Amendment of section 7B
4.  Section 7B of the principal Act is amended —
(a)by inserting, immediately after subsection (2), the following subsection:
(2A)  For the purposes of subsection (2), different amounts may be prescribed for different circumstances, and a zero amount may be prescribed.”; and
(b)by inserting, immediately after subsection (5), the following subsection:
(6)  To avoid doubt, this section applies to a case mentioned in subsection (1) whether A served the notification for relief before, on or after 31 July 2020.”.
Amendment of section 12
5.  Section 12 of the principal Act is amended —
(a)by inserting, immediately after subsection (2), the following subsections:
(2A)  The Registrar may, for the purposes of deciding whether to appoint an assessor to determine an application, request the applicant to provide further information within the time specified by the Registrar.
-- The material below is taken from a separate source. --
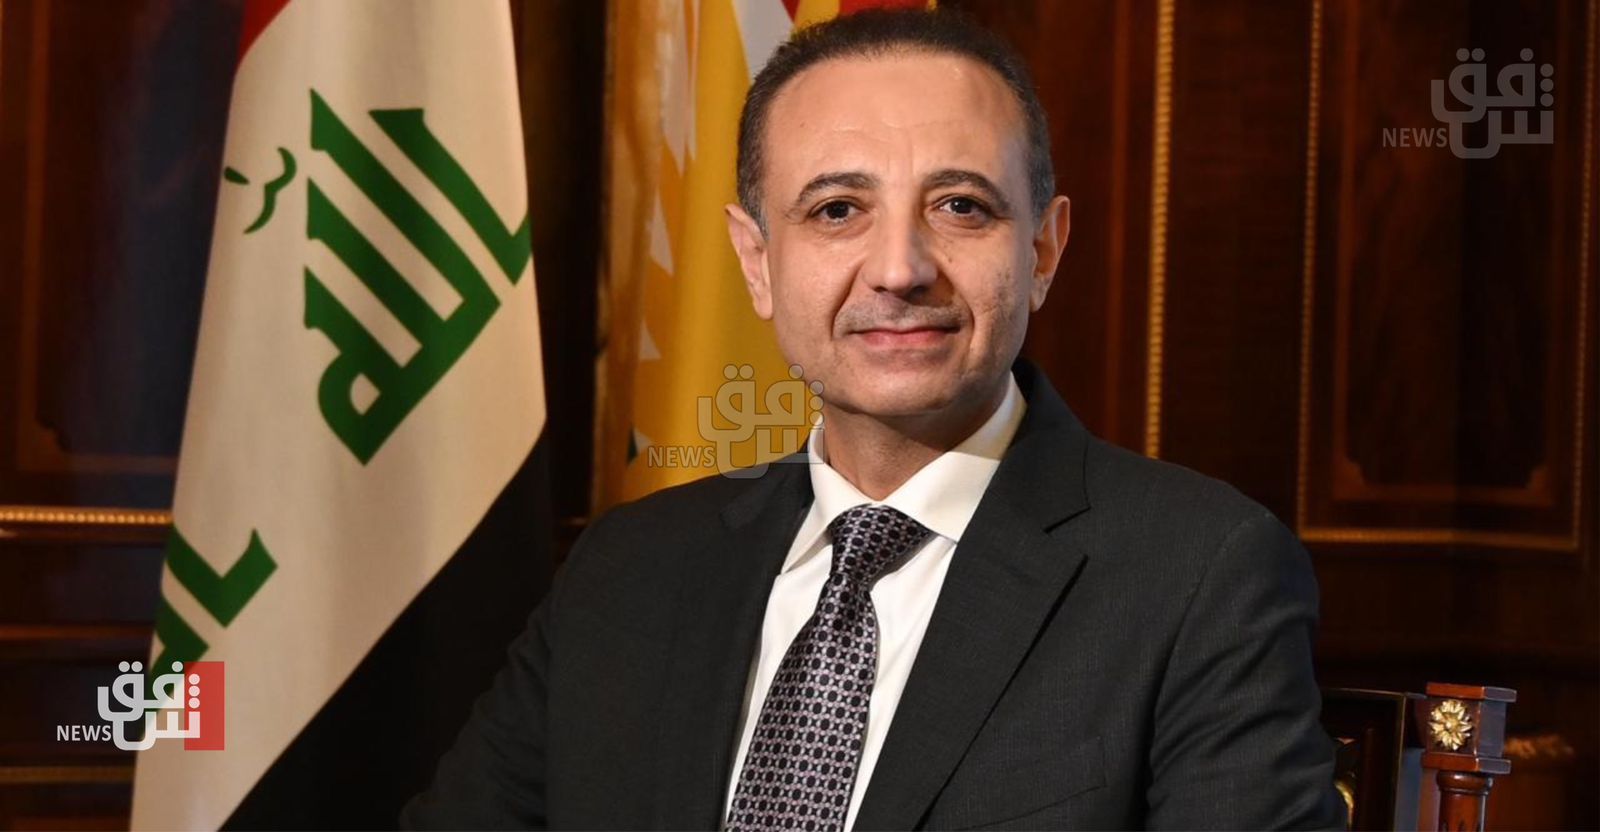 KDP PUK START ANOTHER ROUND OF TALKS TO FORM NEW GOVERNMENT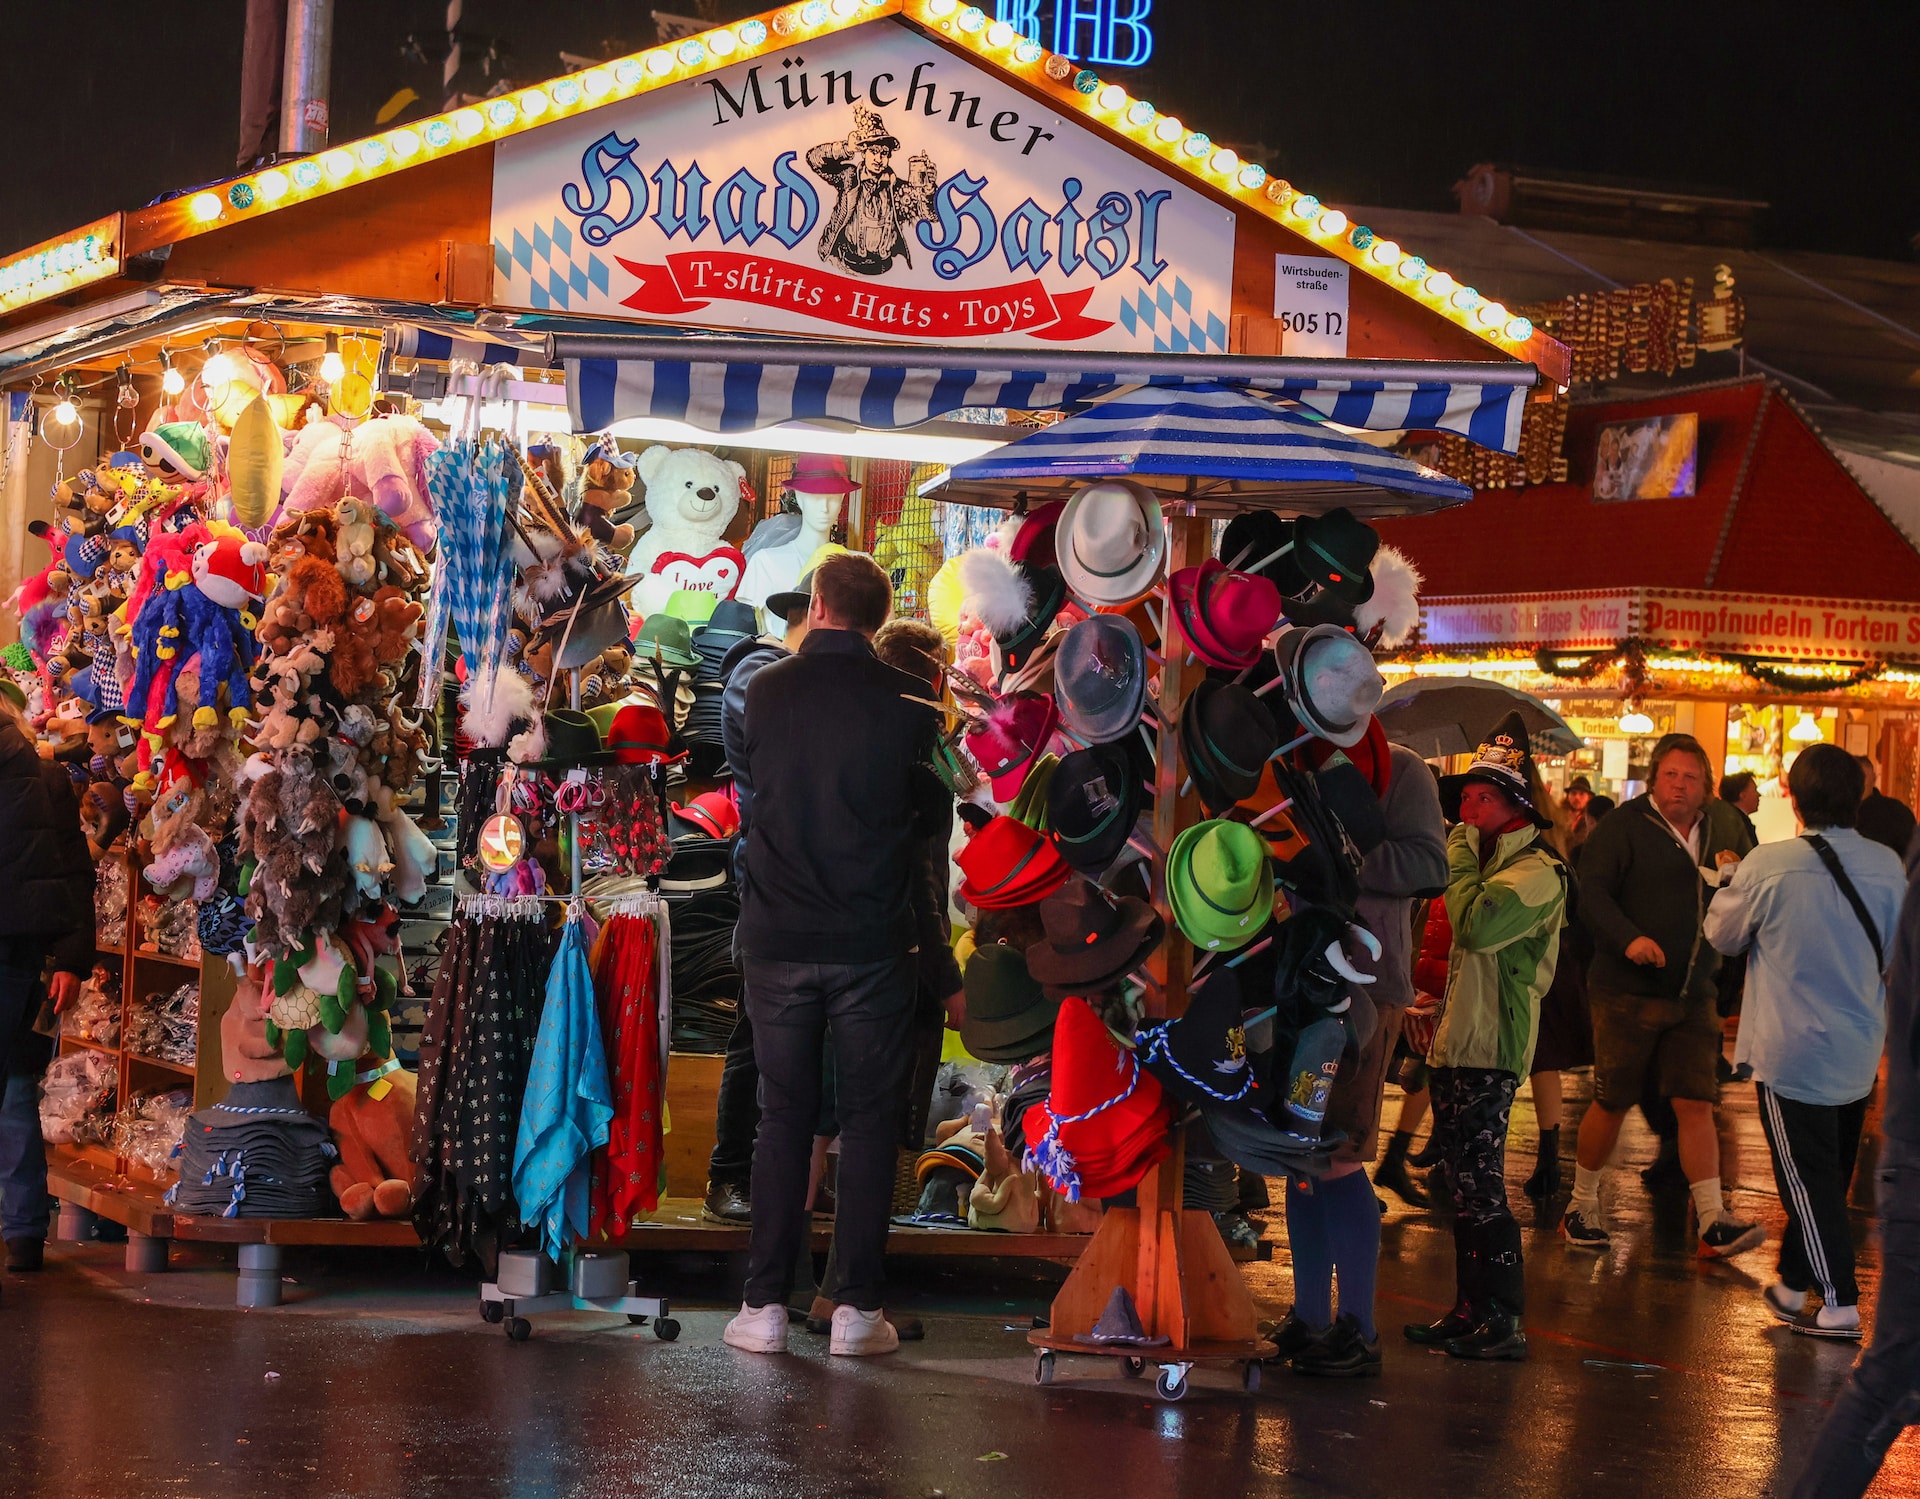 Charming image of a toy shop at Oktoberfest, radiating a lively atmosphere, capturing the spirit of the festive celebration.

(2B)  The Registrar may reject an application if —
(a)the application is incomplete or otherwise not made in accordance with subsection (1);
(b)the application is not made within the period prescribed by regulations under section 19 for this purpose;
(c)the applicant fails to satisfy the Registrar that subsection (2) is complied with;
(d)the applicant fails to comply with the Registrar’s request under subsection (2A);
(e)any part of the application is inconsistent with any information contained in the notification for relief served by the applicant under section 9(1), if applicable;
(f)the Registrar reasonably suspects that any information provided by the applicant to the Registrar is false or misleading in a material particular; or
(g)it appears to the Registrar, from the application or any information provided by the applicant under subsection (2A), that —
(i)the contract in question is not a scheduled contract;
(ii)the contract in question is a contract described in section 4(1)(a) or (b);
(iii)the obligation or right in the contract in question is to be performed or exercised before 1 February 2020; or
(iv)the application is frivolous or an abuse of process.”; and
(b)by deleting the words “If the Registrar is satisfied that the application is made and served in accordance with subsections (1) and (2),” in subsection (3) and substituting the words “Unless the Registrar rejects an application under subsection (2B),”.
Amendment of section 13
6.  Section 13(1) of the principal Act is amended by inserting, immediately after the words “section 5” in paragraph (a), the words “or 5A (as the case may be)”.
Amendment of section 19J
7.  Section 19J of the principal Act is amended —
(a)by deleting the words “an additional prescribed period” in subsection (1)(a) and substituting the words “a prescribed period”; and
(b)by deleting the words “the additional prescribed period” in subsection (2)(a) and (b) and substituting in each case the words “the prescribed period”.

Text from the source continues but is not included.